严呈雪二人带着那只空碗回到营地的时候,薛桐她们已经吃到了第二轮。
“她走了?”
少女腮帮子里满满都是肉,说话的时候声音都有些模糊。
“走了。”
武易君将那碗递给薛桐:
“我们是不是要把这个碗供起来,怎么说也和万工坊主有关系,说不定有人喜欢愿意出个好价钱呢。”
“还是不要了。”
薛桐努力咽下嘴里的东西,连连摇头:
“我们坊主大人自己收拾的破烂已经够多了。是个顶级的纪念品收藏家来着。”
“那倒也是。”
武易君不舍地将手中的空碗放回了一边的台子上。
“我到现在都在好奇她袖子里到底有多少东西!”
“大人袖子里到底有多少东西?”
千里之外的衍都,涂山颜震惊地看着从袖子里掏出一张床的薛岚。
“也不是很多。”
薛岚冲着她嘿嘿一笑,轻手轻脚地将昏过去的殷诗诗放在床上。
“不过是一些灵石资材,灵草丹药。外加一些锅碗瓢盆和桌椅板凳。都是薛岚走南闯北的家当。”
走南闯北的家当。
涂山颜抬手扶了扶自己的额角,觉得面前这人和传说中的狼君大人不仅没有相似之处,甚至可以说得上是割裂。
若不是通天青柳亲自承认,她真要怀疑自己修炼魂术走火入魔了。
女子不再去看薛岚,而是指着床上沉睡的殷诗诗:
“她受损混乱的神魂我方才已经梳理过了。

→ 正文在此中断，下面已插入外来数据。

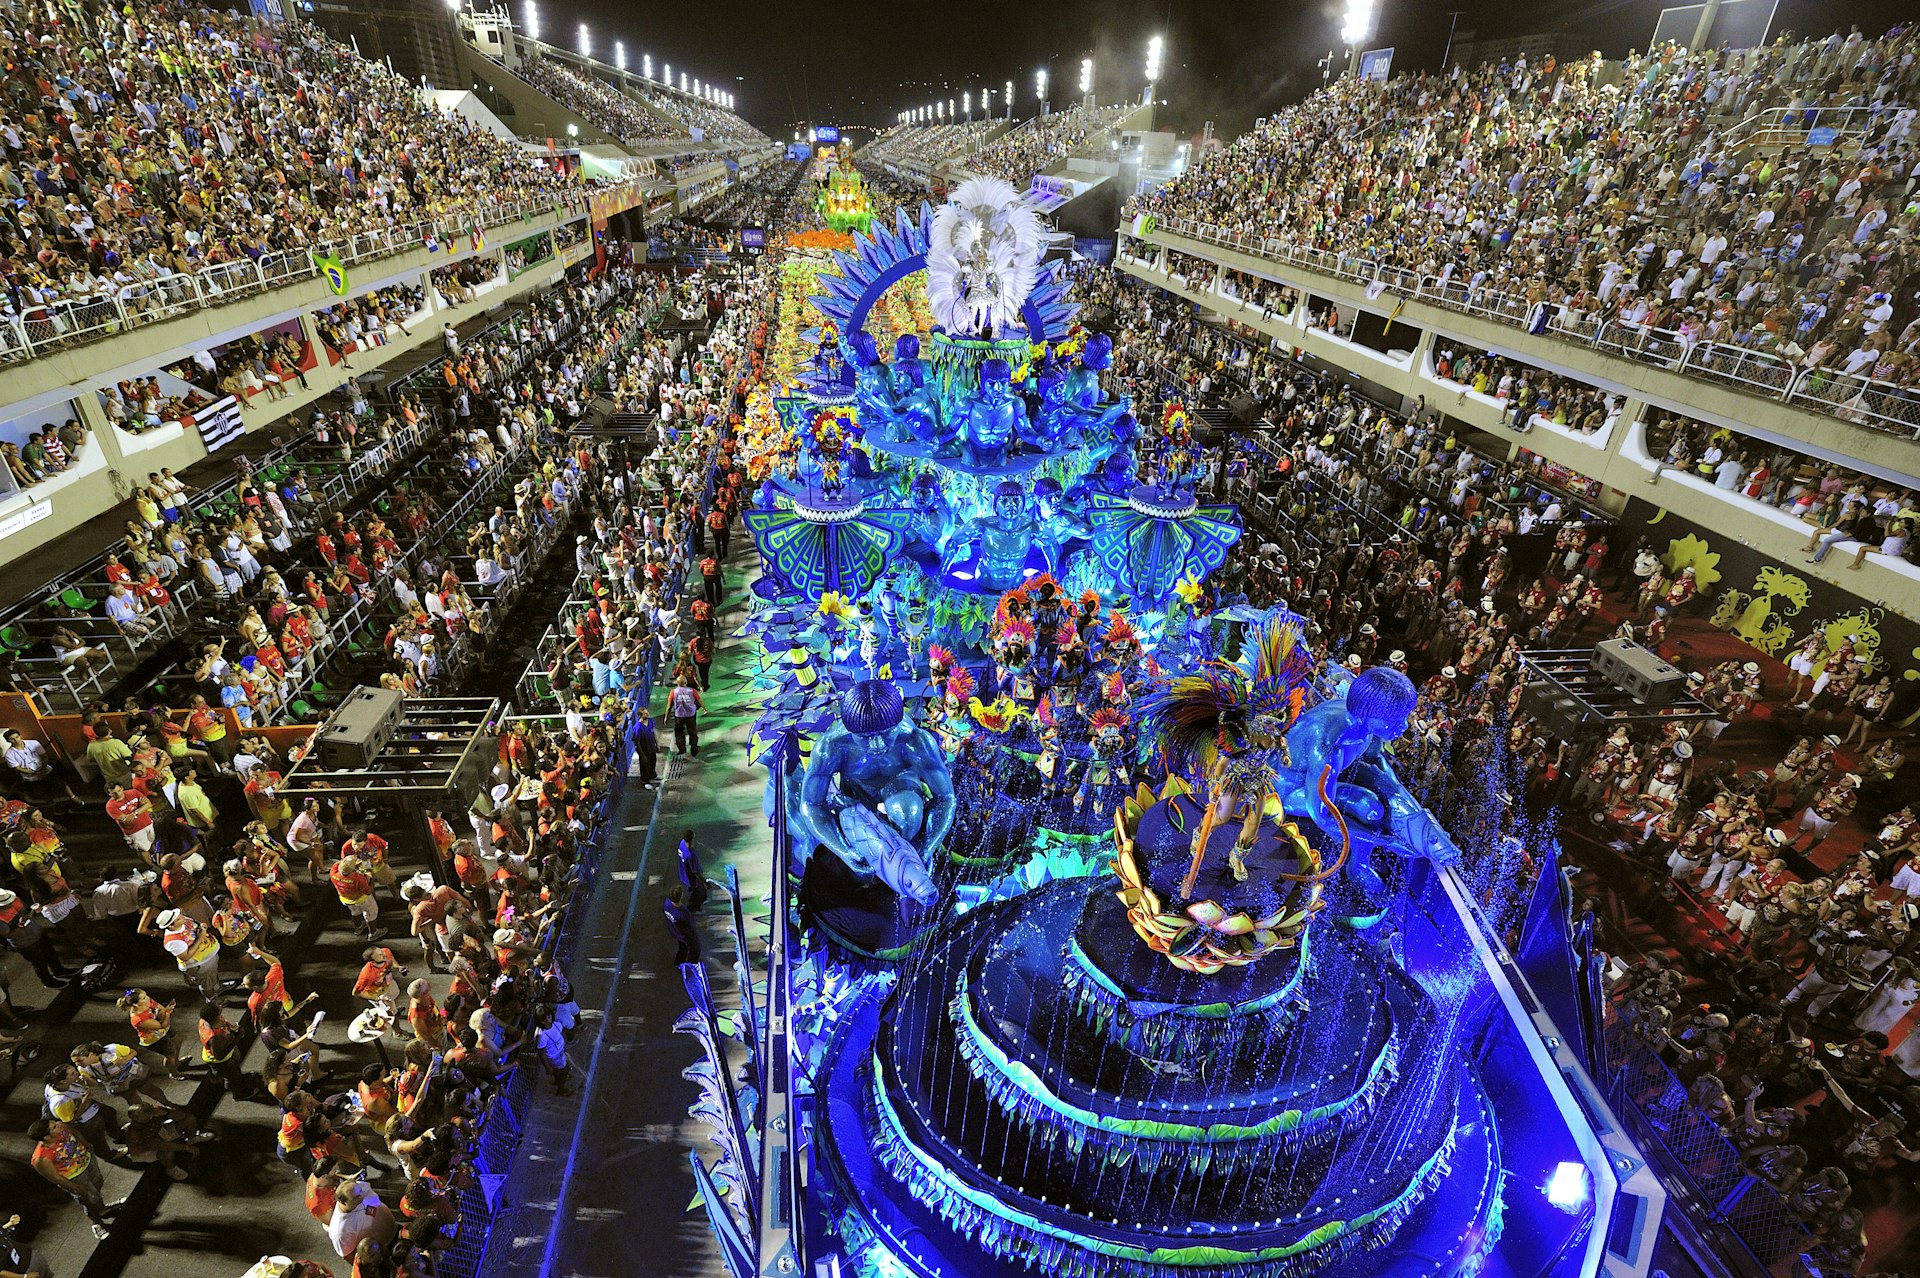 A samba school parading in the Sambódromo (Sambadrome) carnival stadium, with 90,000 spectators during the world-famous carnival in Rio de Janeiro, Brazil.

这孩子信心坚定,就是太能吃苦了些。不想我族中那些小辈,稍稍受了点儿伤就哭着喊着要往我怀里钻。”
薛岚一想到那个场景,也忍不住温柔笑起来:
“小狐狸是这样的。”
“说到小辈。”
涂山颜看着薛岚:
“我族里有只小赤狐,似乎和大人有私交。”
“涂山前辈明知故问。”
薛岚嗔怪着开口:“前辈问我这个,是要棒打鸳鸯?”
涂山颜柳眉微皱:“大人莫要平白坏我这个老祖宗的名声,我可没有说过这话。役灵门那孩子我见过,虽说脑子不太灵光,但是对阿月很好。”
薛岚笑着看她:“前辈很满意?”
涂山颜没有正面回答薛岚的问题,而是开始回忆阿月小时候的事情:
“小阿月爹娘都陨落在同魔族的斗争之中,她当时受了惊吓,又遭受魔气侵蚀,以我在魂术上的造诣,也才堪堪保住她的性命。自那以后,她三魂不稳痴痴傻傻。到了年岁也不会说话化形。我和族中几个姐妹原本打算养她一辈子的。”